EXCERPTED DATA ▸

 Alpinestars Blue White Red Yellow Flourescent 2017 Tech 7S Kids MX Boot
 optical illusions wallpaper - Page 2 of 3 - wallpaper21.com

--

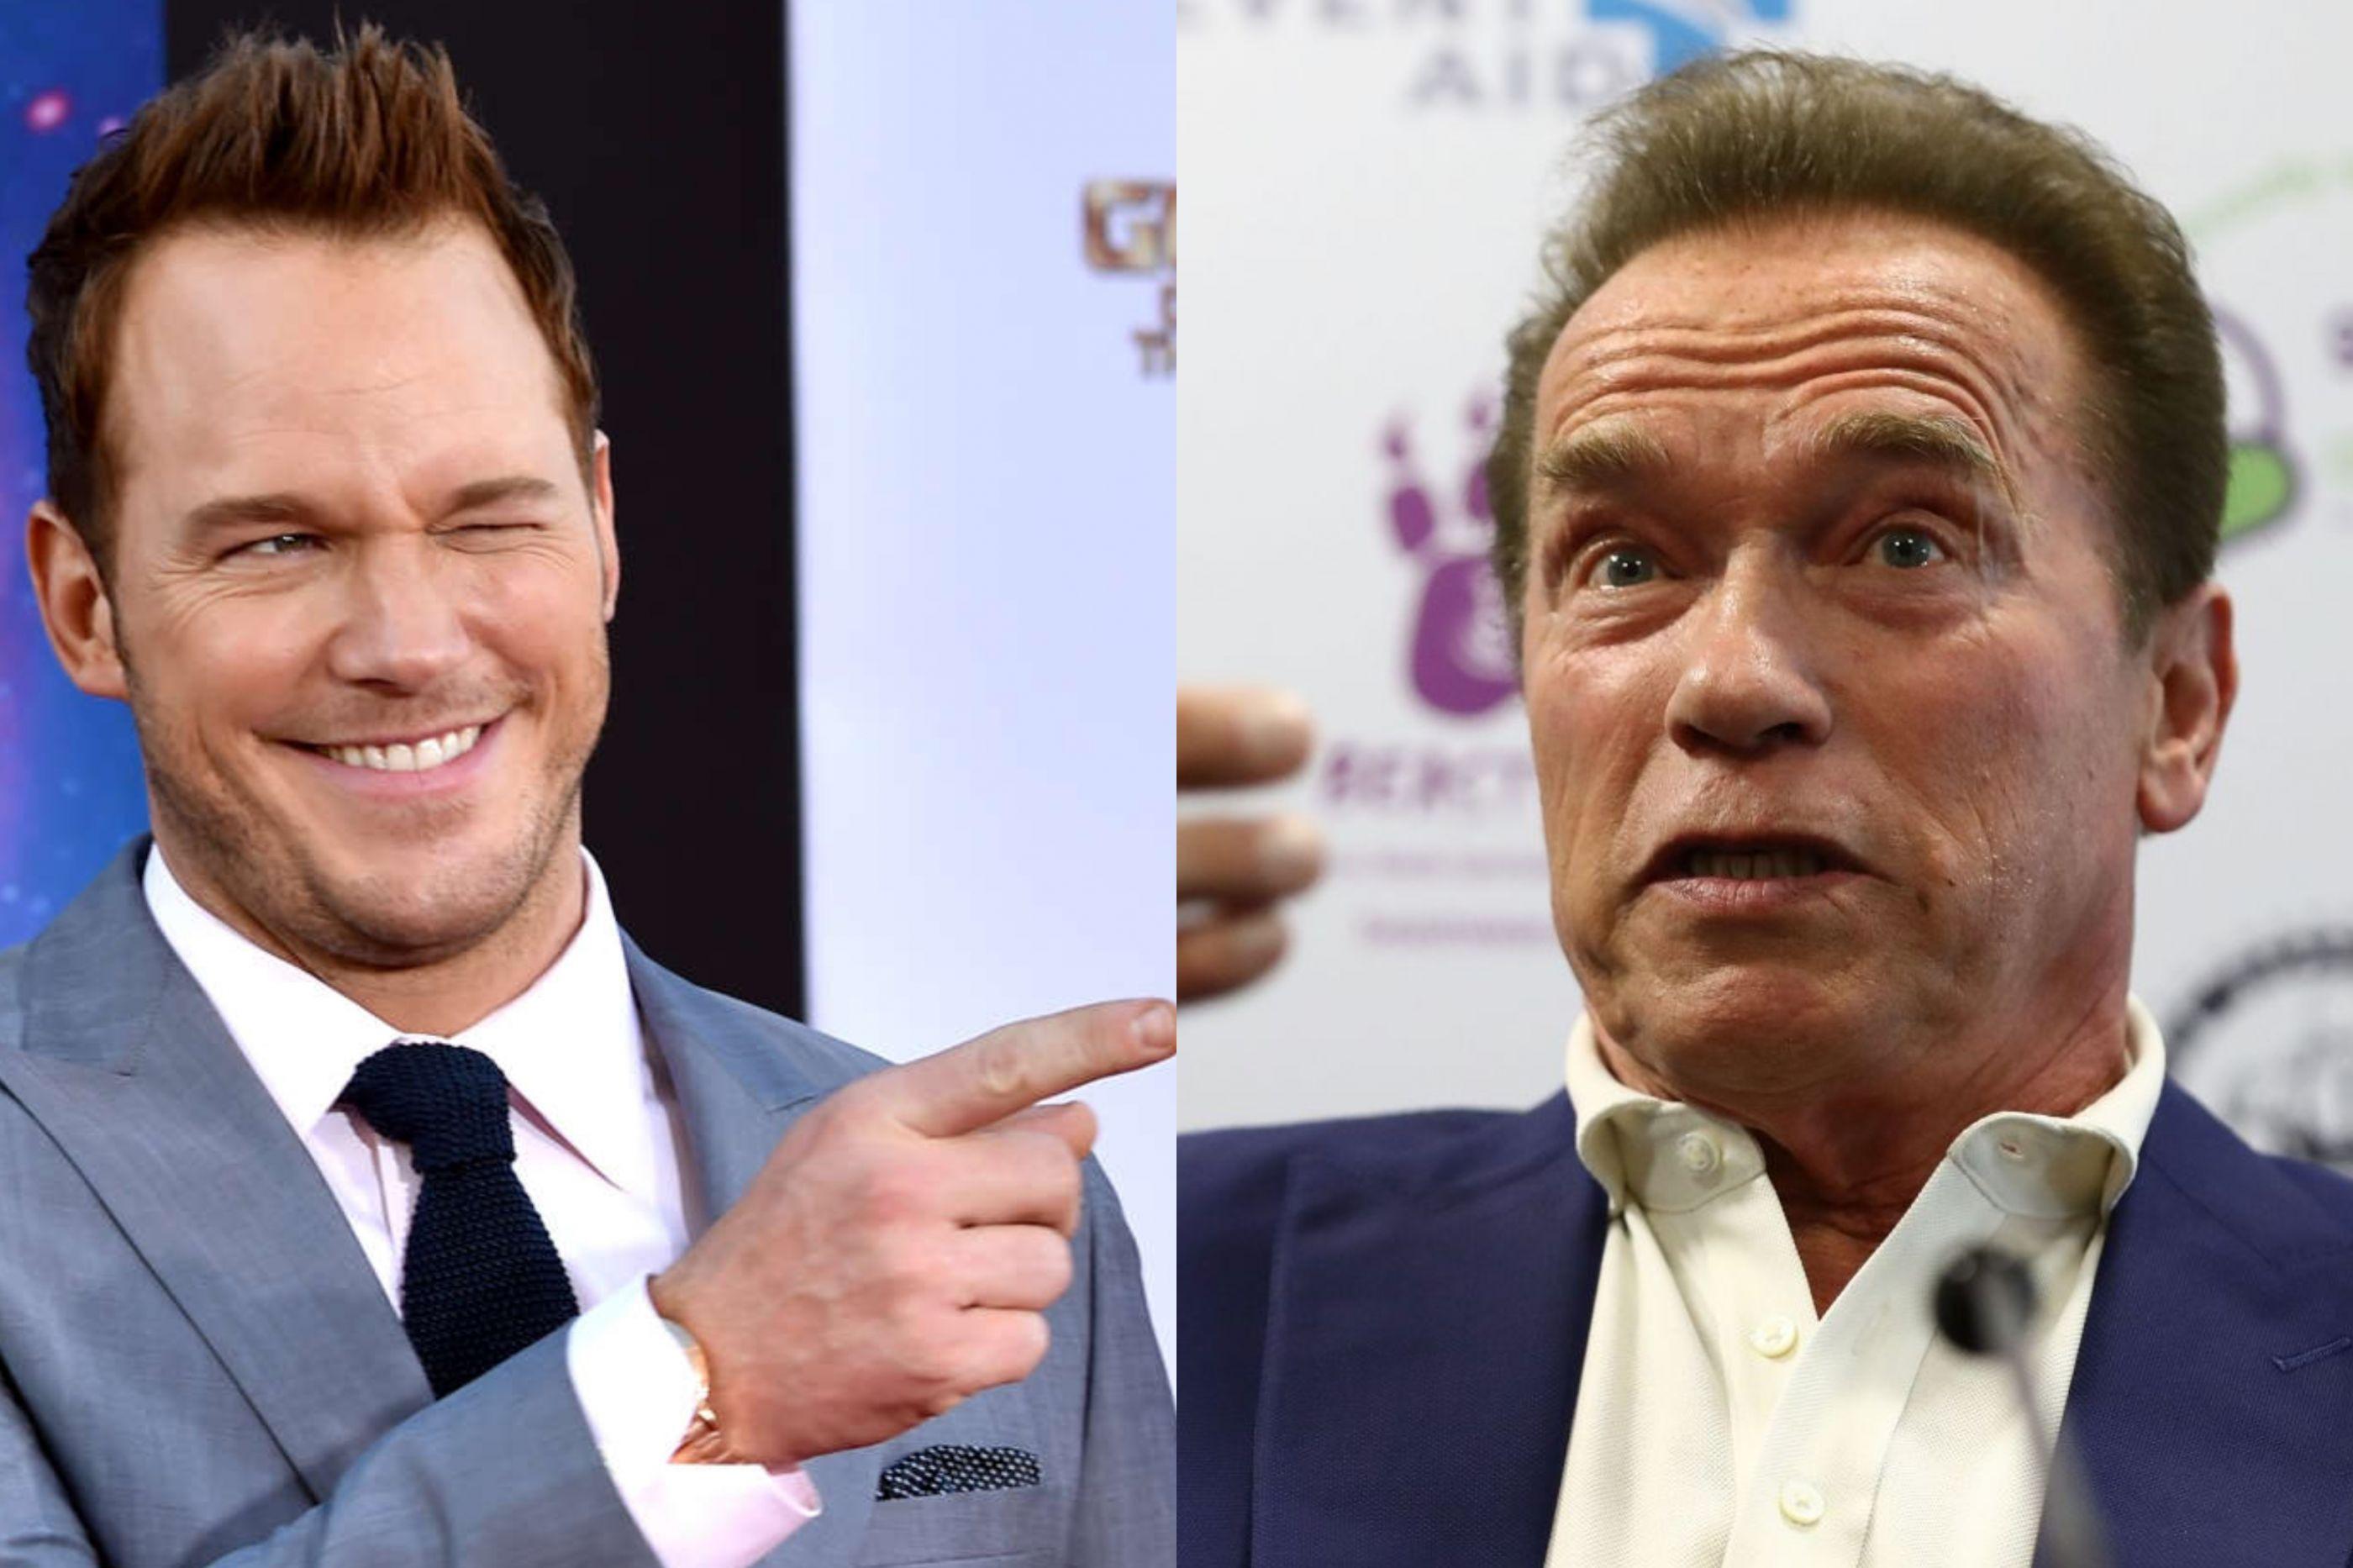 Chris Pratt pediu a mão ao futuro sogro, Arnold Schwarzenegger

...

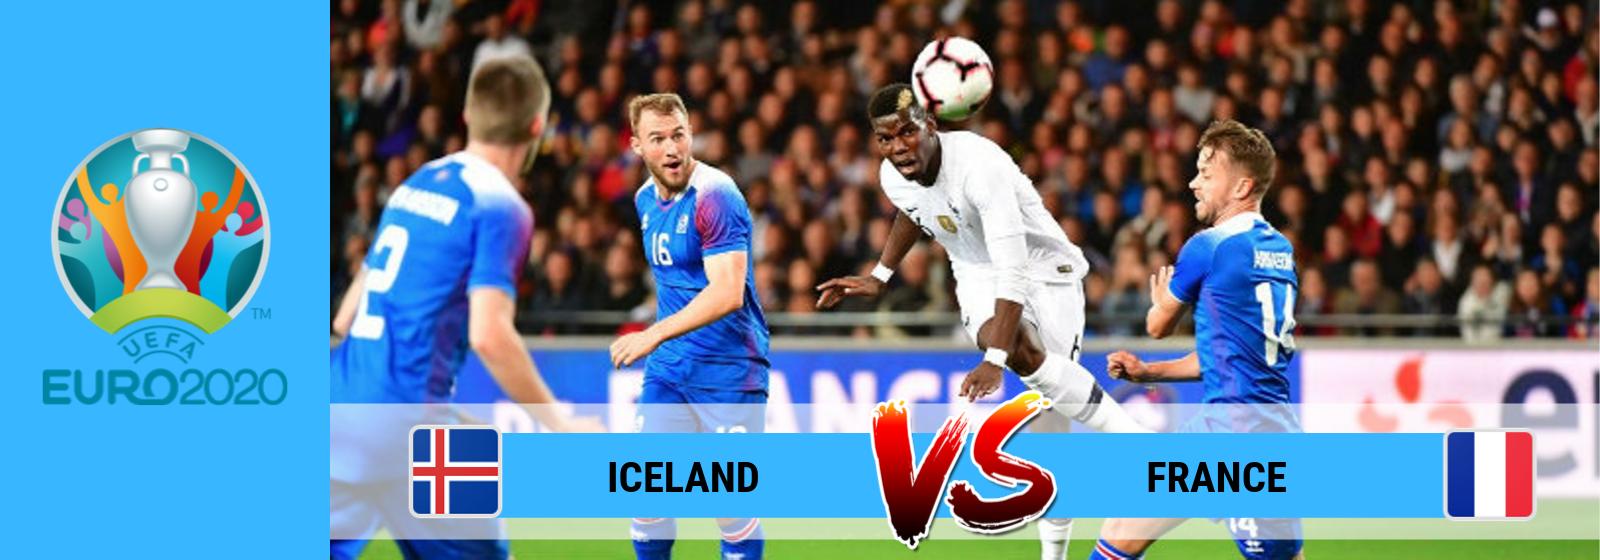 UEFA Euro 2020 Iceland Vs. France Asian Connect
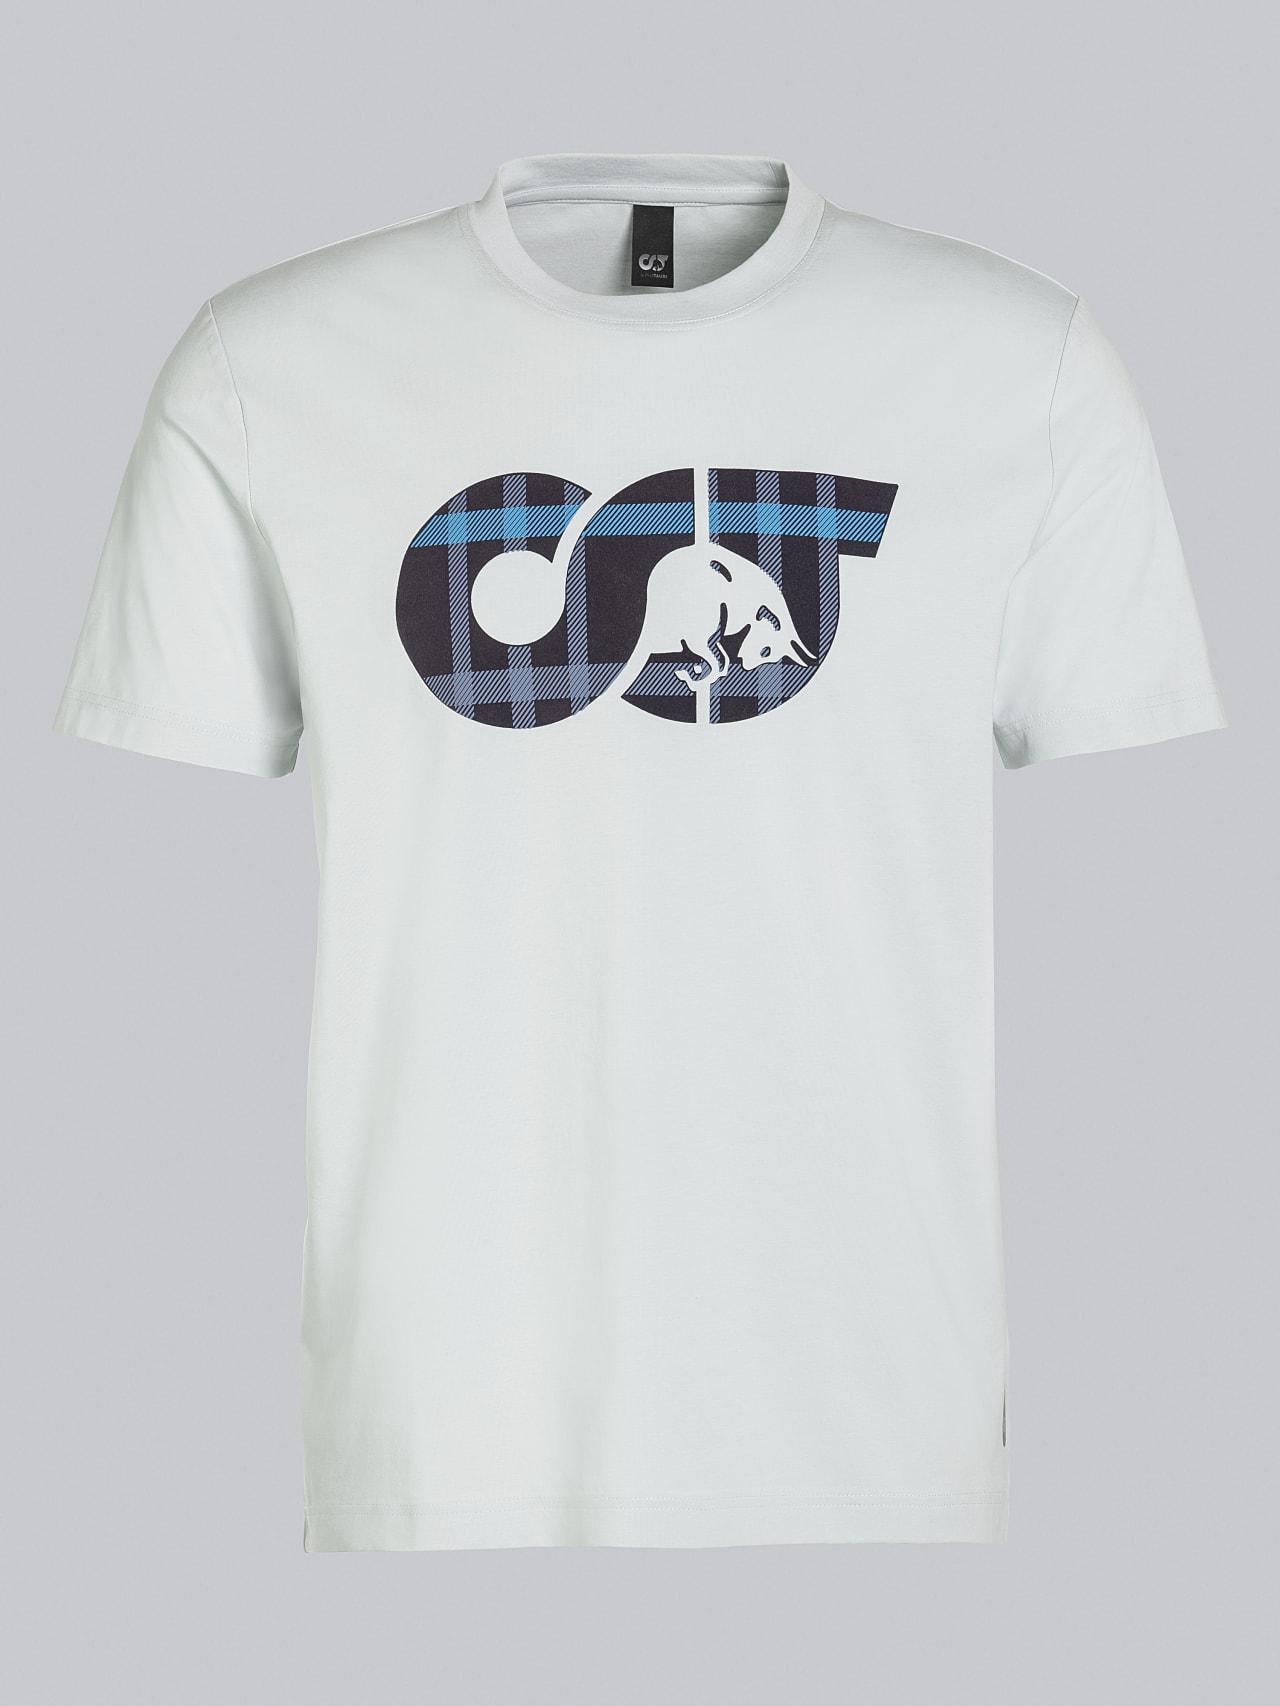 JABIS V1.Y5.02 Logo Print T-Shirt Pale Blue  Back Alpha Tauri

TASK REQUIREMENTS ▸
Return word for word the lines above from the line with "Alpinestars Blue White" to the line with "optical illusions wallpaper", including both and leaving out all others.

TASK RESULT ▸
 Alpinestars Blue White Red Yellow Flourescent 2017 Tech 7S Kids MX Boot
 optical illusions wallpaper - Page 2 of 3 - wallpaper21.com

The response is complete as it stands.